The following list contains tips to consider in negotiating a storage contract agreement:
- Read the fine print. The vast majority of contracts we sign are standard forms. It is in those fine, tiny details that you can substantiate any claims if they are ever needed. Ask questions about anything in the contract that seems ambiguous.
- Don’t pay in advance. Make partial payments, if you can. Paying in advance makes it harder to recover funds should an unforeseen circumstance arise.
- Check for coverage. Often, damage done to goods in transit or in a warehouse is covered under your property and casualty insurance, coverage that extends into the storage facility. If so, it is not necessary to purchase that coverage from the storage contract agreement.
- Check for environmental liability. Businesses providing storage services are covered by the Comprehensive Environmental Response, Compensation, and Liability Act (CERCLA). Under this legislation, owners of real property can be held liable for contamination by hazardous waste if their name is on the deed. Know all parties who are liable for cleanup if issues arise.

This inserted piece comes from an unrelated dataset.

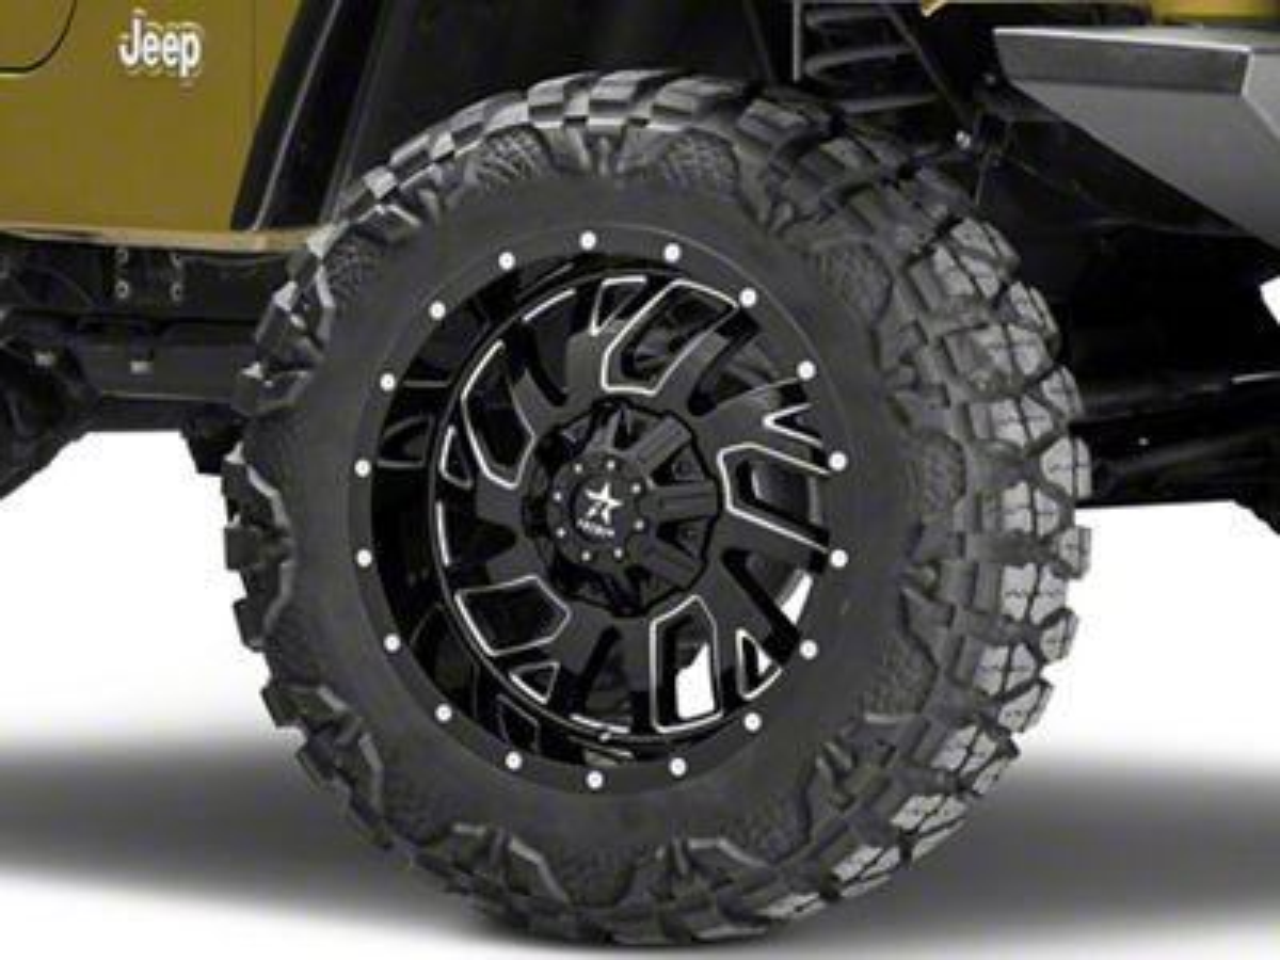 RBP 65R Glock Gloss Black w/ Machined Grooves Wheel - 20x10 (87-06 Jeep Wrangler YJ & TJ)

How to Modify or Terminate a Storage Contract
It is also important to be aware of the process for amending and terminating storage contract agreements. Occasionally, an agreement may need to be updated or even terminated, such as when the goods stored no longer match the terms of the contract or the user’s needs change.
The process for amending any contract typically involves:
- an agreement by both parties is required;
- there are legal requirements including signatures and possibly witness signatures; and
- there is no current litigation concerning the amendment.

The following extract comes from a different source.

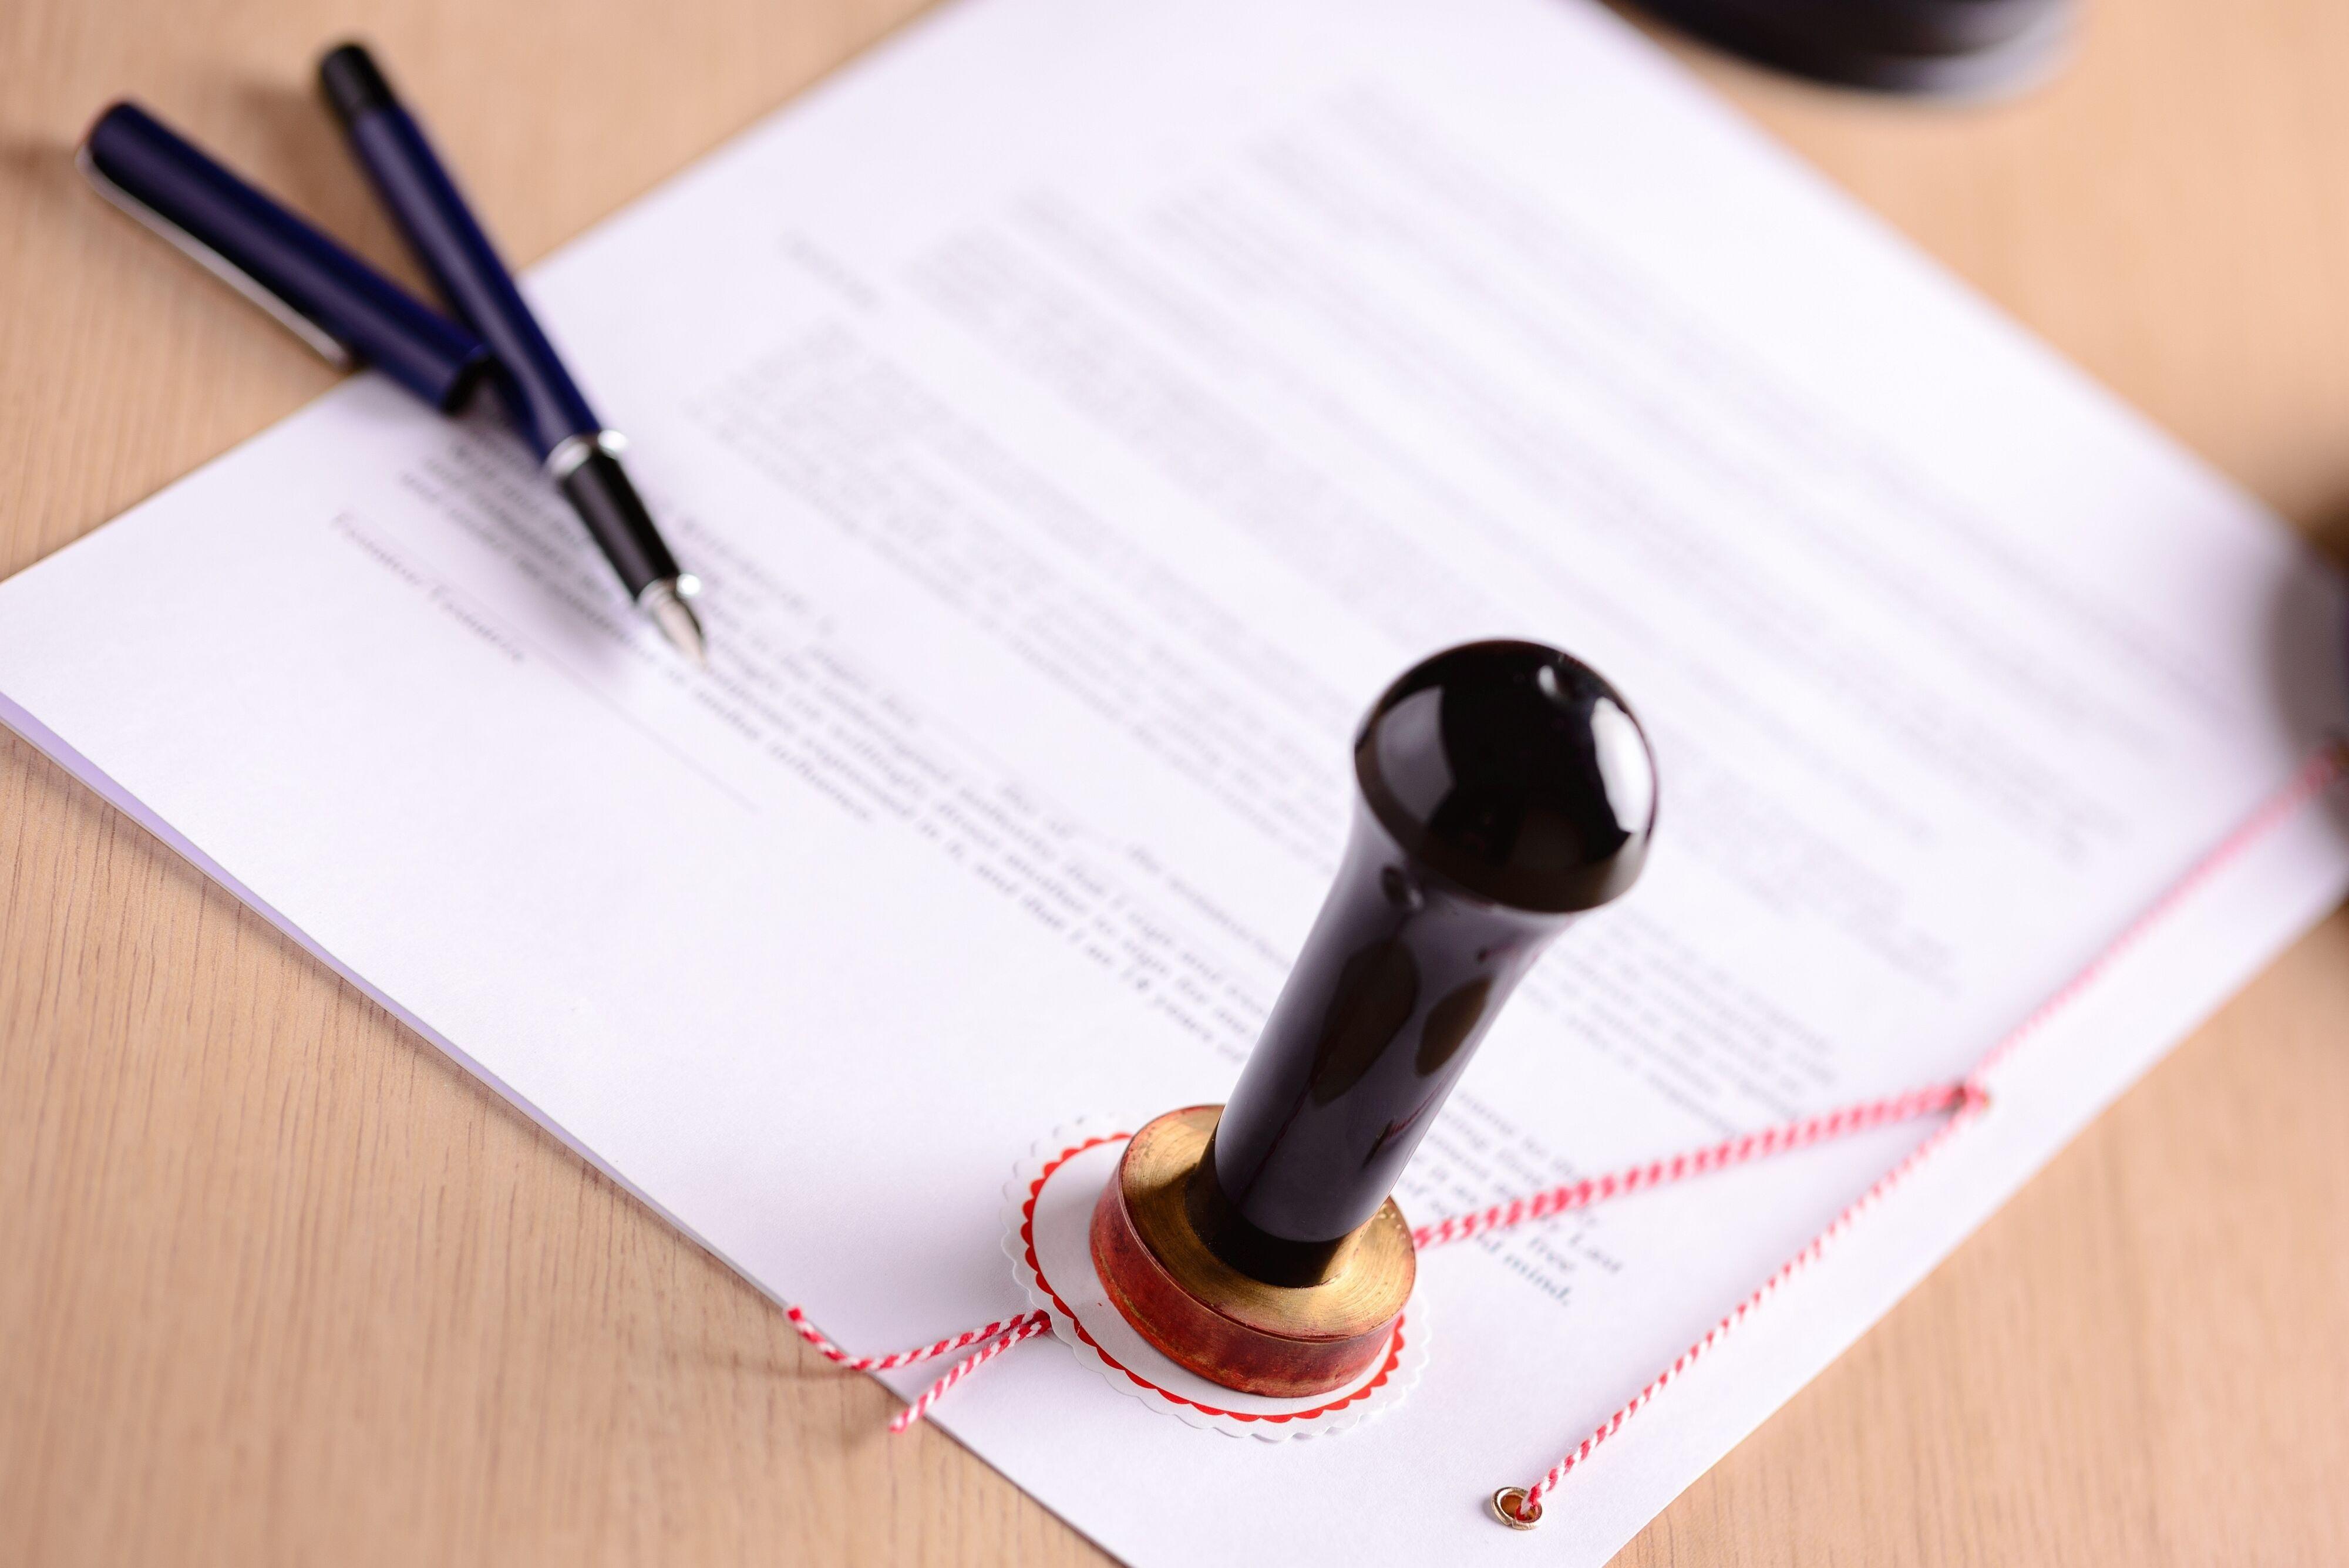 stamp, document, edit, proofread, expert, words, language

The process for terminating a contract typically involves:
- an agreement by both parties is most often required;
- there are legal requirements including signatures and possibly witness signatures; and
- there is no current litigation concerning the termination.
If a party wants to end an agreement without the consent of the other, a court action may be necessary. The law will provide the terms under which a contract can be terminated. Amendments to an existing contract need to comply with the law and insurance regulations for storage contracts. These can be complex requirements that vary by situation. Legal advice is often recommended.
Examples and Case Studies
It is sometimes better to get a witness who actually went to law school than it is to get a lawyer who didn’t: take the case of Alter and Wiggins v. S S Site/ Tower, Case No. 30, 2011-2728 (Ohio Ct App. 10/17/2012). In this case multiple claims against the tower site owner for lengthy delays in issuing a permit are addressed with regard to government immunity issues, but a number of issues arise with the underlying claims as well.

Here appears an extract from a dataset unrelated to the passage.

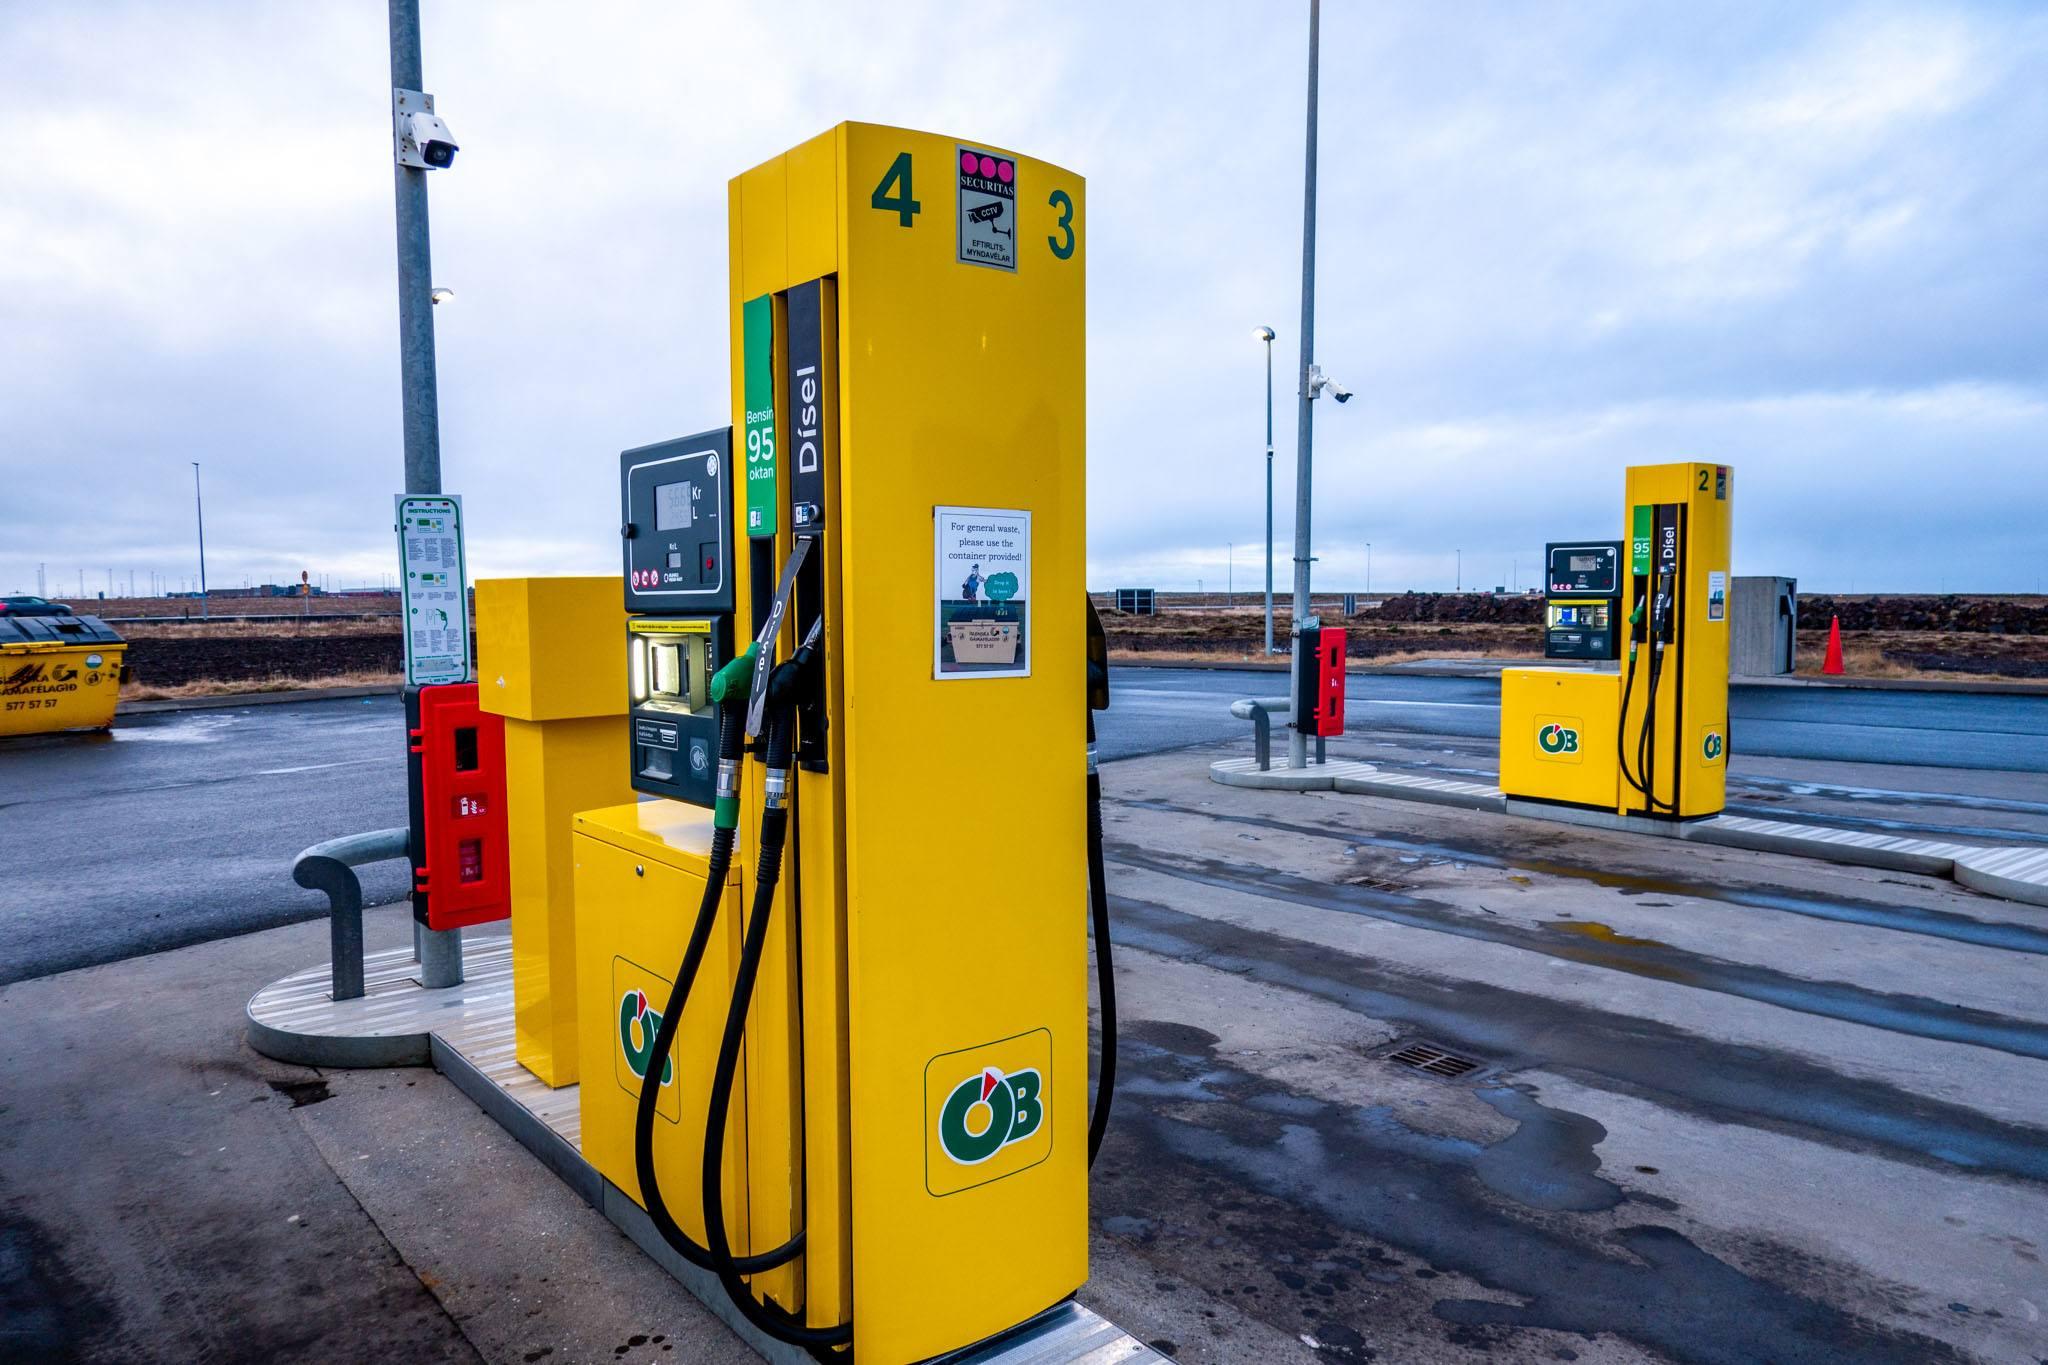 Gas pumps at an OB self-serve gas station

While the appellate court’s focus is on the owners’ immunity, it does discuss a number of the other claims in its decision. In particular , the plaintiffs were constructing a 325-foot radio tower under contract with the Piqua Broadcasting Corporation. PBC’s contract with the owner stipulated: "It is mutually agreed that the [t]ower will be located on the property of [the owner], at no cost to PBC, that PBC will furnish electricity for the said tower and, further, that the title to said tower will remain with PBC."
When an owner, again different from the one who entered into the agreement with the applicant, takes an action to prohibit the construction of a tower, as happened in this case, it is crucial to determine whether the easement was present. The appellate court reversed the trial court on this point, ordering the trial court to reconsider.